Googling I found this slides about cProfile. Maybe that helps. Page 6 looks like cProfile does provide a hierarchy.
Sorry I'm not familiar with Python, but there's a general method that works, assuming you can manually interrupt execution at a random time.
Just do so, and display the call stack. It will tell you, with high probability, what you want to know. If you want to be more certain, just do it several times.
It works because the guilty caller has to be on the call stack for the fraction of time that's being wasted, which exposes it to your interrupts for that much of the time, whether it is spread over many short calls or a few lengthy ones.

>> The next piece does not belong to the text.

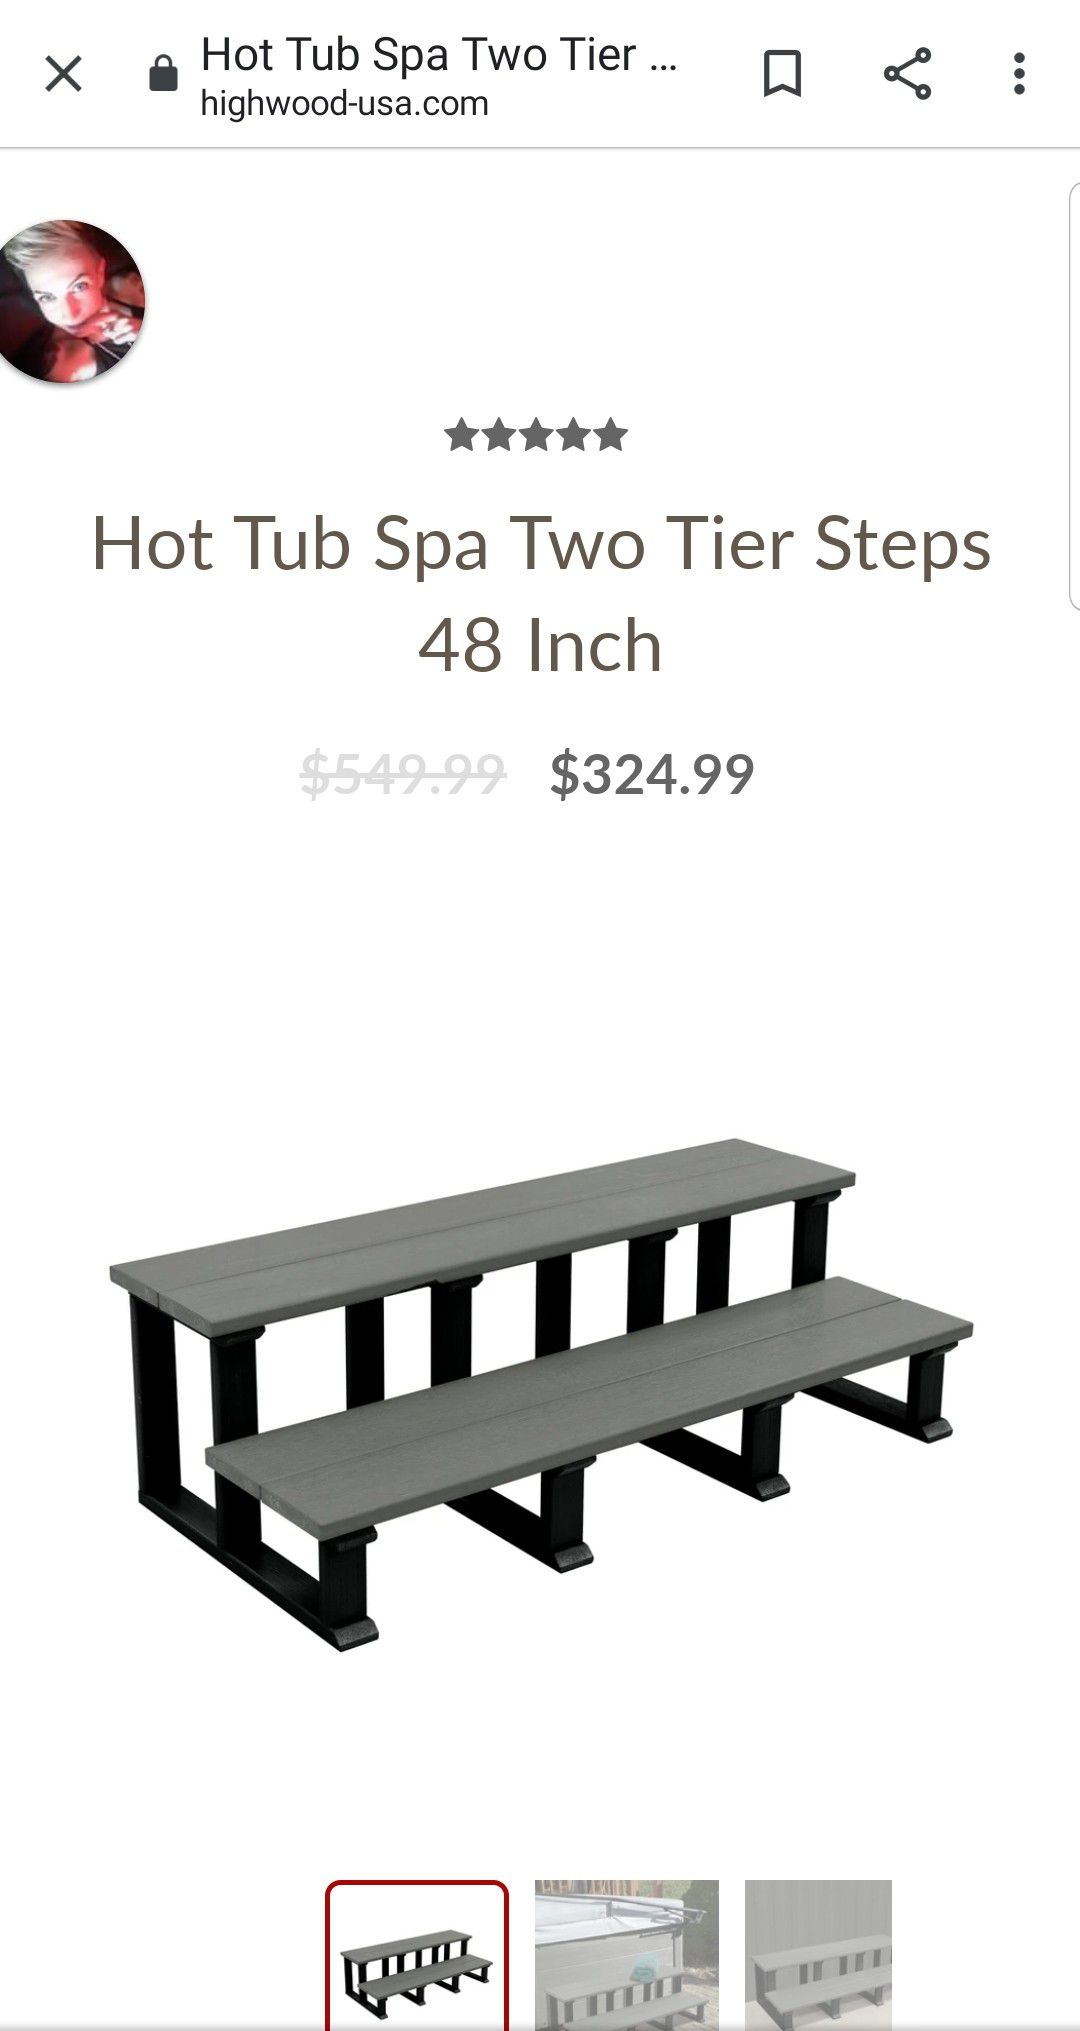 Hot Tub Spa Two Tier Steps, 48", Coastal Teak

NOTE: This process is more like diagnosis than measurement. Suppose that bad call is wasting 90% of the time. Then each time you halt it, the probability is 90% that the bad call statement is right there on the call stack for you to see, and you will be able to see that it's bad. However, if you want to exactly measure the wastage, that's a different problem. For that, you will need a lot more samples, to see what % of them contain that call. Or alternatively, just fix the guilty call, clock the speedup, and that will tell you exactly what the wastage was.
Pycscope does this. I just found it today, so I can't speak to how good it is, but the few examples I've tried have been pretty good (though not perfect).
https://pypi.python.org/pypi/pycscope/
You would use this to generate a cscope file and then a cscope plugin from an editor, VIM specifically. I tried using it with vanilla cscope, it seems that plain cscope gets confused.